Knowledge Base (RAG)

The knowledge base provides Retrieval-Augmented Generation (RAG) capabilities. Text is chunked, embedded, and stored in PostgreSQL with pgvector. The system supports hybrid search combining BM25 full-text search with vector cosine similarity, merged via Reciprocal Rank Fusion.

Architecture

Component	Technology	Purpose
Embedding model	`nomic-embed-text` via Ollama/LiteLLM	Generate 768-dim embeddings
Vector storage	PostgreSQL + pgvector	HNSW cosine similarity index
Full-text search	PostgreSQL tsvector + GIN	BM25 ranking via `ts_rank`
Hybrid search	Reciprocal Rank Fusion (RRF)	Merge BM25 and cosine results
Chunk size	1000 characters	With metadata (filePath, chunkIndex, language)

Search Modes

Runs both BM25 full-text and vector cosine searches independently, then merges the ranked result lists using Reciprocal Rank Fusion. Best overall recall.
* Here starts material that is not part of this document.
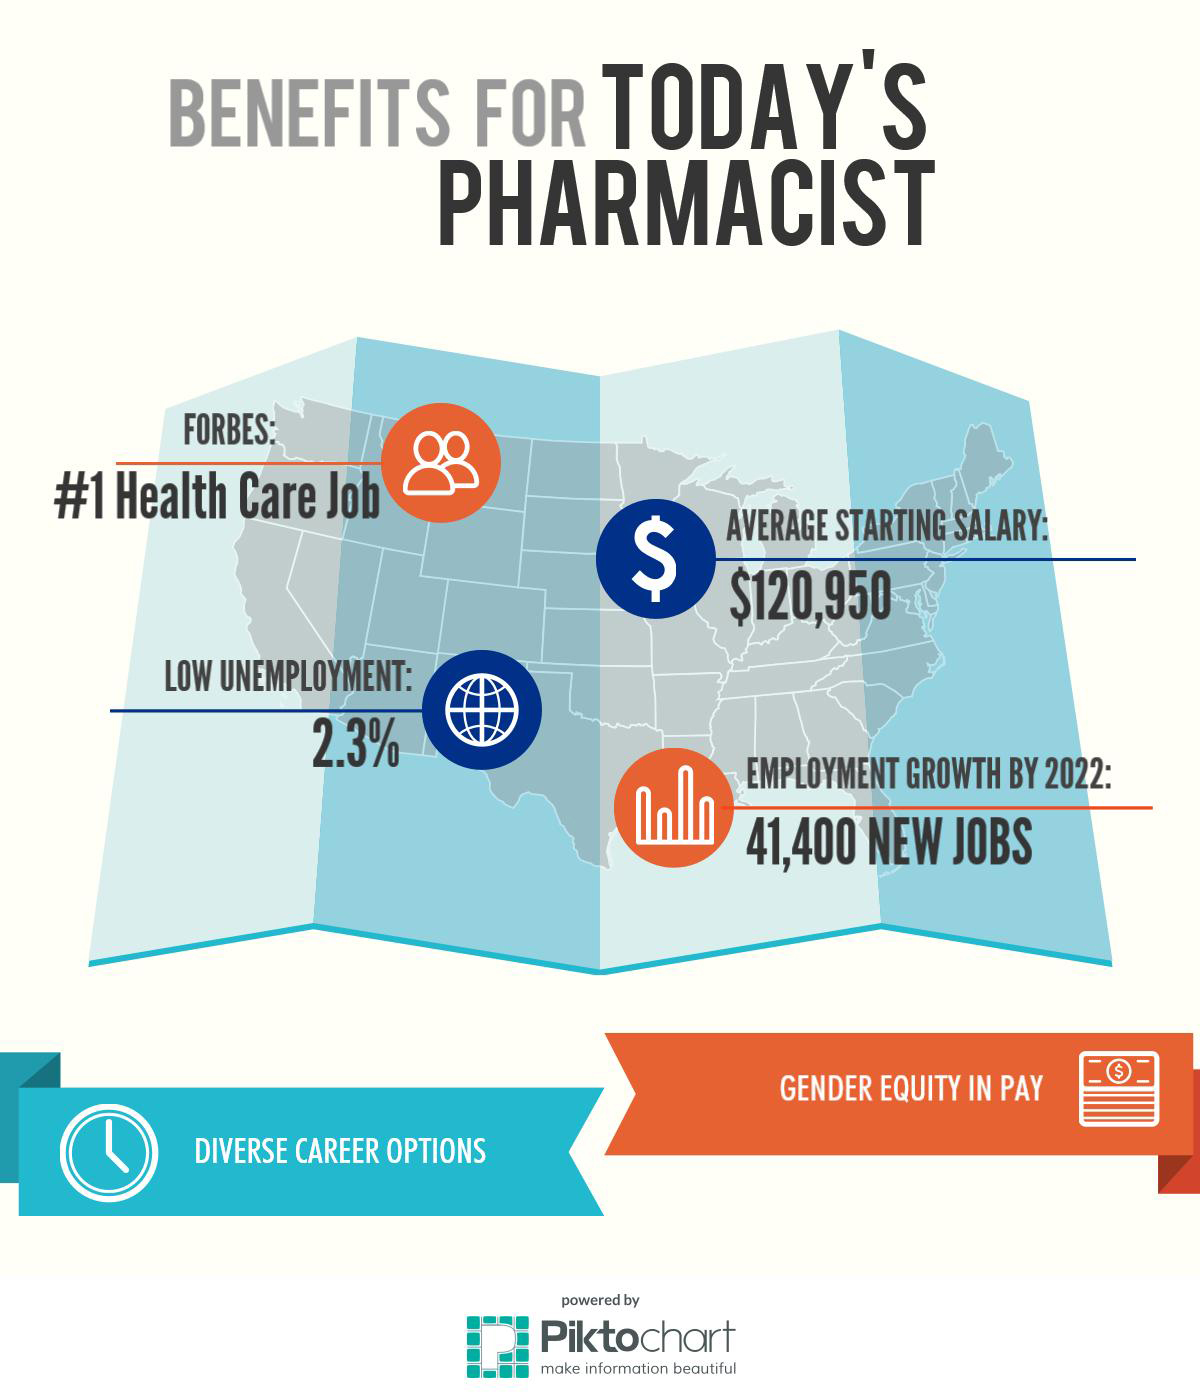 Today's Pharmacist(2) copy

curl -X POST http://localhost:3005/api/knowledge/search \
  -H "Authorization: Bearer <token>" \
  -d '{"query": "authentication flow", "mode": "hybrid"}'

Cosine similarity against the embedding column. Best for conceptual and semantic queries.

curl -X POST http://localhost:3005/api/knowledge/search \
  -d '{"query": "how does login work", "mode": "semantic"}'

BM25 full-text search using PostgreSQL tsvector + GIN index. Fast for keyword-heavy queries.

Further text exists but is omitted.